(About this exercise)
Set down each line of the material that follows exactly, and leave its pictures out.

*** Given data

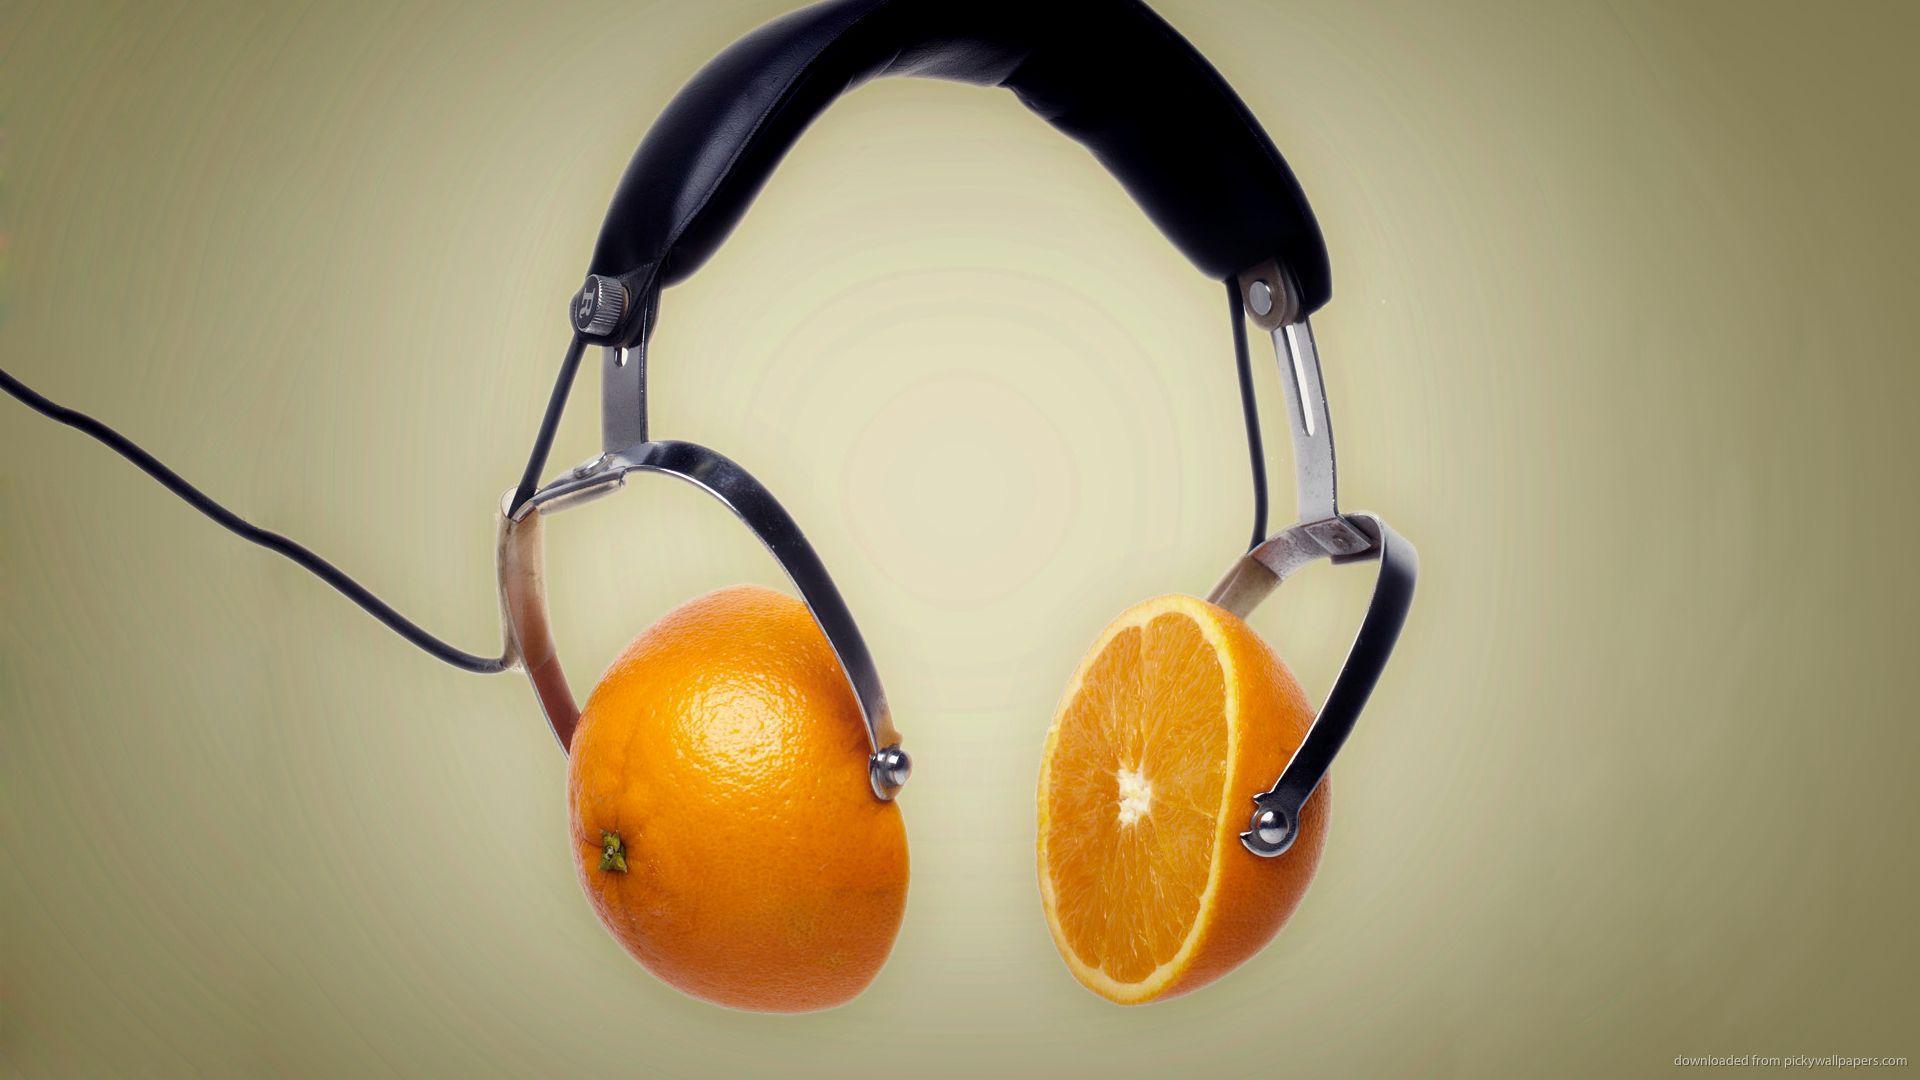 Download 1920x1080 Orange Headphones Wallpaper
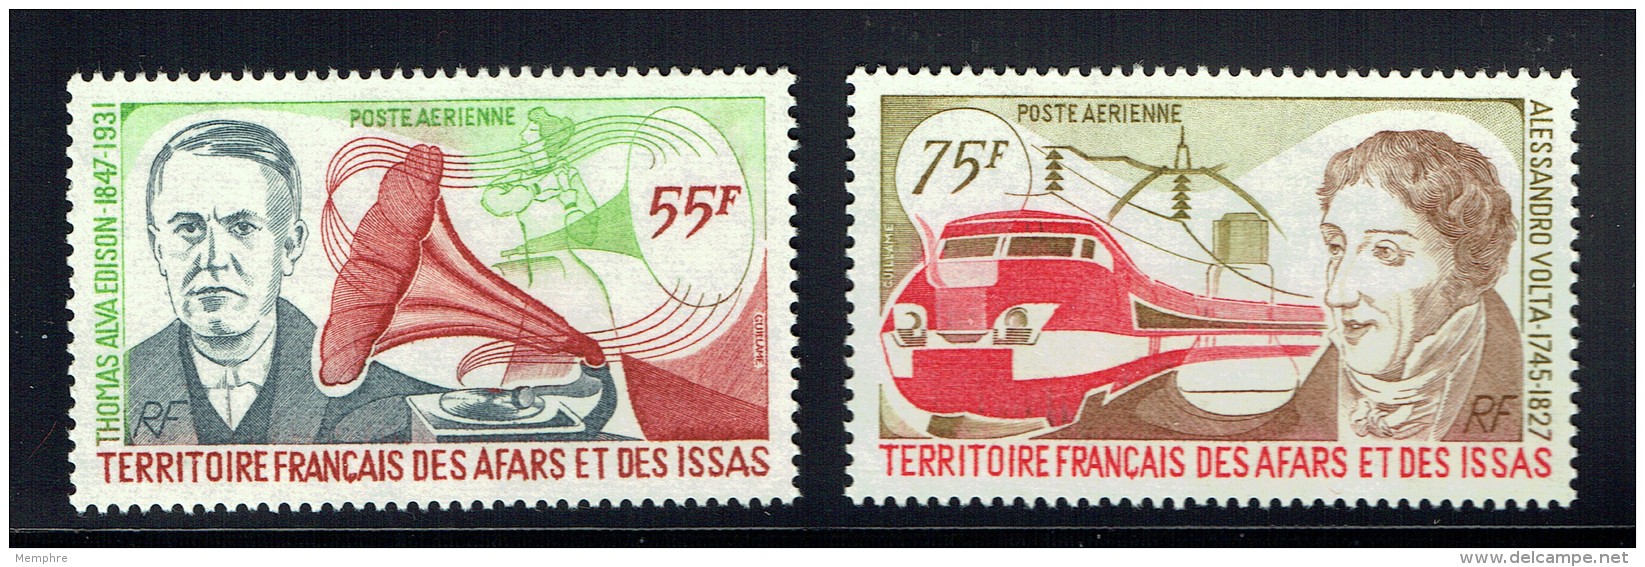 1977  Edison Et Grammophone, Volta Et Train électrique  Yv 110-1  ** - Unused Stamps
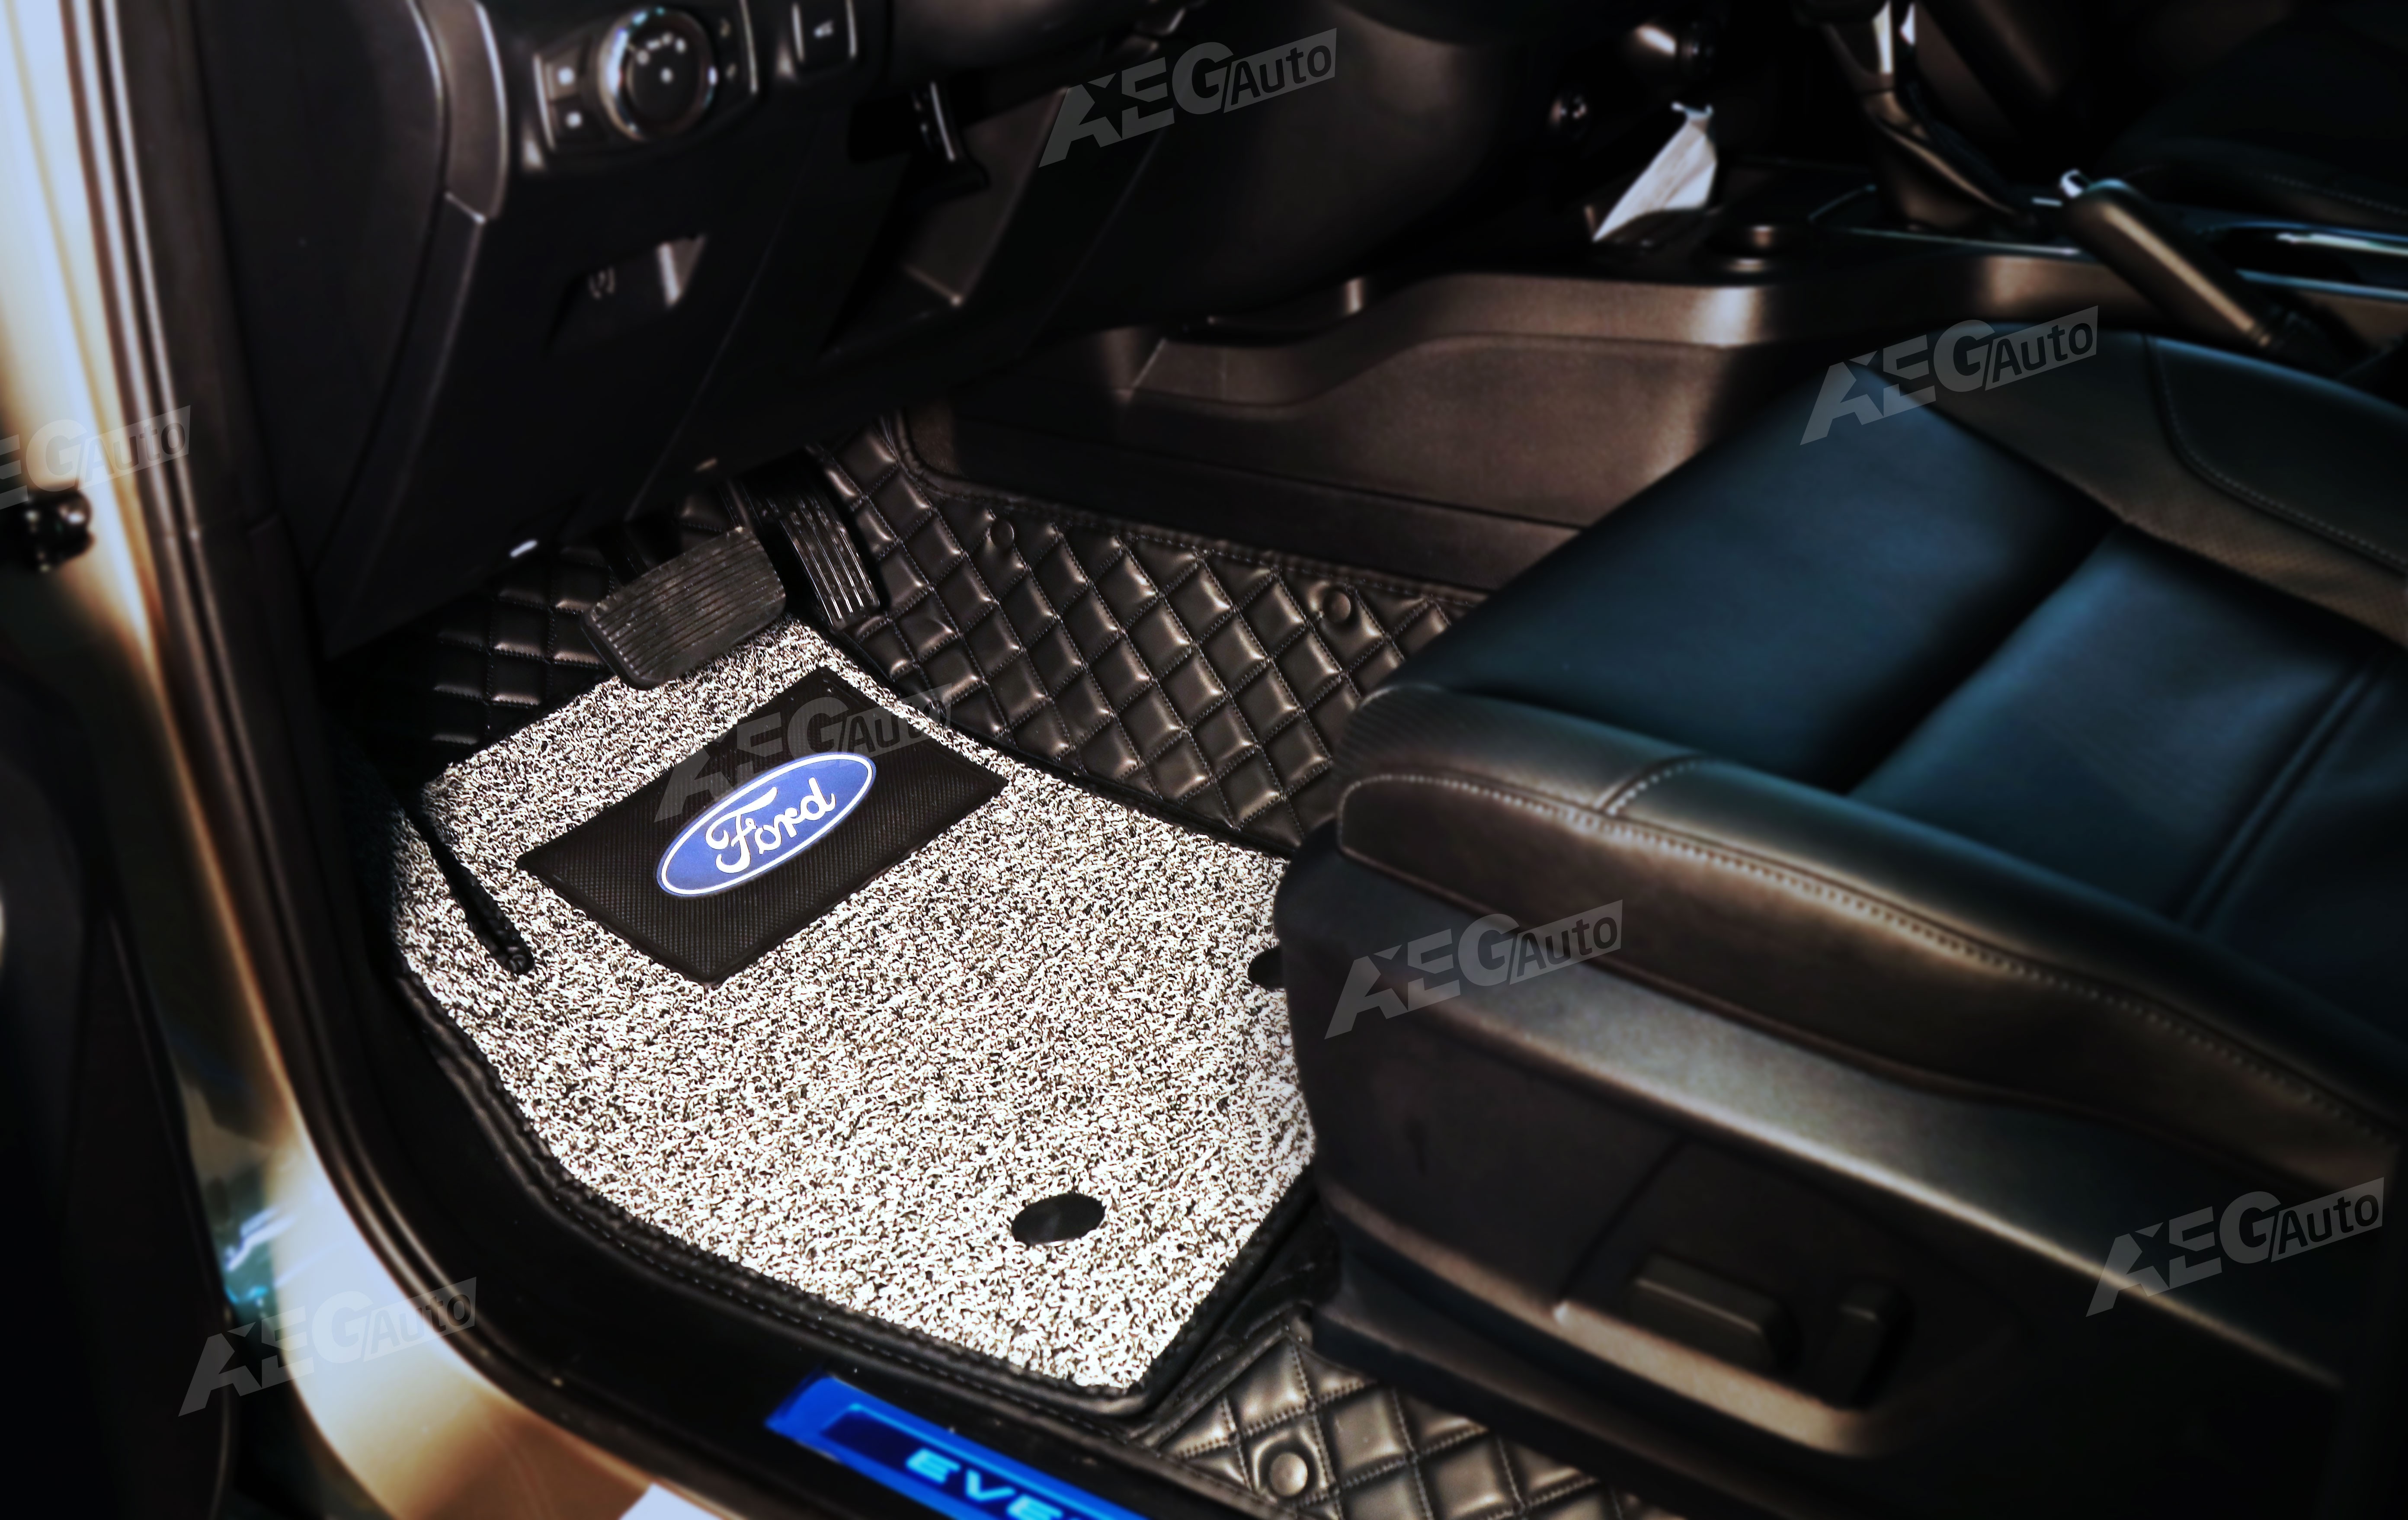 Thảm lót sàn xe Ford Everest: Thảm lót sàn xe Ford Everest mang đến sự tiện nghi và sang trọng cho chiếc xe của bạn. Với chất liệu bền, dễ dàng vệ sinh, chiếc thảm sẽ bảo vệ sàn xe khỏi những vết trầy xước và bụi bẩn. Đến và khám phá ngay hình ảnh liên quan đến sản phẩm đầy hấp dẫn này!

******

(Answer for the task)
 Download 1920x1080 Orange Headphones Wallpaper
 1977  Edison Et Grammophone, Volta Et Train électrique  Yv 110-1  ** - Unused Stamps
 Thảm lót sàn xe Ford Everest: Thảm lót sàn xe Ford Everest mang đến sự tiện nghi và sang trọng cho chiếc xe của bạn. Với chất liệu bền, dễ dàng vệ sinh, chiếc thảm sẽ bảo vệ sàn xe khỏi những vết trầy xước và bụi bẩn. Đến và khám phá ngay hình ảnh liên quan đến sản phẩm đầy hấp dẫn này!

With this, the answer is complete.